To me, there is a link between this ‘nothing’ and the subject of gliders, who are not powered by an engine and who also seem to be flying while assisted by nothing. They take to the sky, towed by another airplane; then the glider uncouples from the other aircraft and, if you are experienced enough, you continue to gather height using just upward currents of air.

«You were a bird». Exhibition view at the Temnikova & Kasela gallery. Photo: Hedi Jaansoo

Have you flown a glider yourself?

I did take some gliding classes. I wanted to feel what it was like ‒ to take off, to soar into the air, to balance on basically nothing. I had not planned to photograph the gliders; rather, I was interested in the feeling. I thought that if I assimilated this experience ‒ both of the body and the consciousness ‒ I would be able to transfer it to my exhibition.

It was indeed a challenging experience in every sense of the word. But when I arrived for my second class of gliding, it turned out that the weather was very windy and rainy. And instead of a new experience of ‘flying powered by nothing’, I started taking pictures of the gliders as they were lying around, waiting for better days. Somehow it clicked with my current sense of the moment ‒ this feeling that, yes, sometimes it is very much okay to simply stay home. To gather your wits and strength.

I have never tried flying a proper glider, just a hang-glider. It was also unpowered, of course. Accompanied by my instructor, I glided off a mountain in the Swiss Alps. It was quite a long time ago, in the mid-1990s. I had very little computer skills at the time and was not a video game fan. But as we were soaring, it seemed to me for some reason that I had somehow ended up in a virtual reality. As if I were inside a computer, inside a high-resolution graphic image…

It probably must have been both the new experience and the completely new and different environment ‒ the Alps. For me personally it was rather the perspective from which I was looking at the reasonably familiar sights of my native South Estonia – that was the novelty. The main surprise was this sense of elevation born out of real physical height. And everything somehow felt very comfortable and pleasant. There was no fear; I felt no threat to my safety. At the same time, there was this sense of coming back to something that I had used to know or that had been part of me before.

I was referring to virtuality in the sense that it felt like operating a super-robot in a game: one that could run up the walls, take to the sky, move in every direction ‒ a complete 4D. And perhaps birds also have this computer-like mindset in which everything is possible: you can go up, you can go down to the left or to the right.

Yes, I did feel a bit like that myself.

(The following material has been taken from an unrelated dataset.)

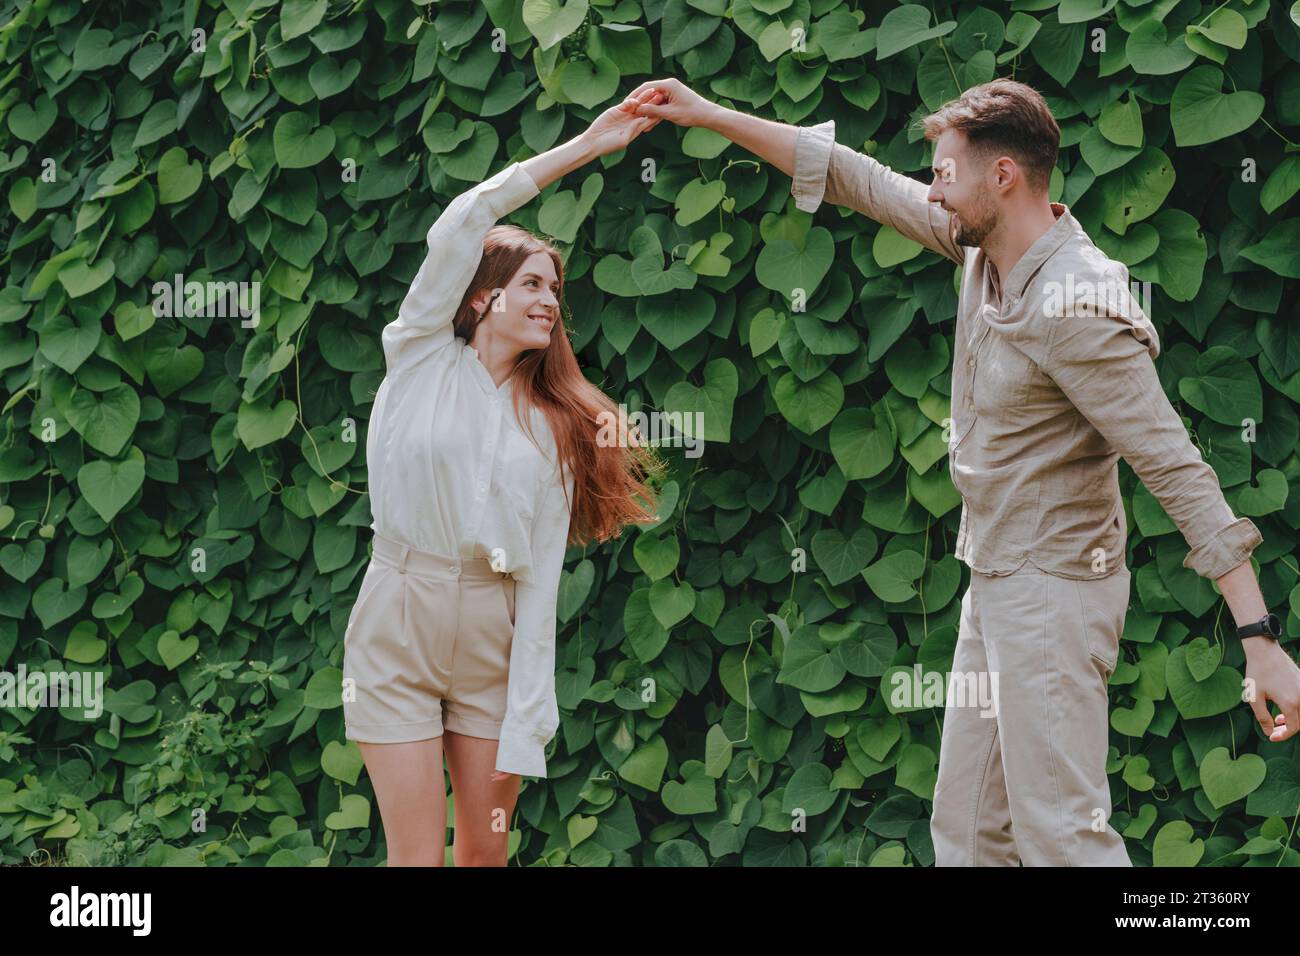 Happy couples dancing in front of plants in garden Stock Photo

It is, after all, something like a miracle. But speaking of ‘1990s experiences’, I would mention the time I went underwater cave diving with my friends. It was just us and our guide there. Your sense of time and space changes enormously. Any sense of time disappears completely. And this unreal feeling is somewhat similar to ‘flying on nothing’.

This exhibition is about both flights and the pause during them or before them. We are all currently in this state of pause that has been forced upon us. But you are attempting to look at it from a different angle.

If I stay home and focus all of my energy, at some point it will take me back to this state of soaring. But perhaps I need to have a cup of tea before that.

The exhibition has been running for several days now, and you are also spending quite a lot of time there. What have been the most interesting comments from visitors?

Most of all I liked someone’s remark that these were photographs that you could spend a lot of time looking at.

Yes, there definitely is some kind of balance between the ‘slow time’ you can notice in your photographs and the amount of time dedicated to them by the viewer. Slow time is already inside them, and you certainly spend quite some time looking at them. And it somehow balances out.

I can only feel very happy about it if I have truly managed to stretch out and expand this time.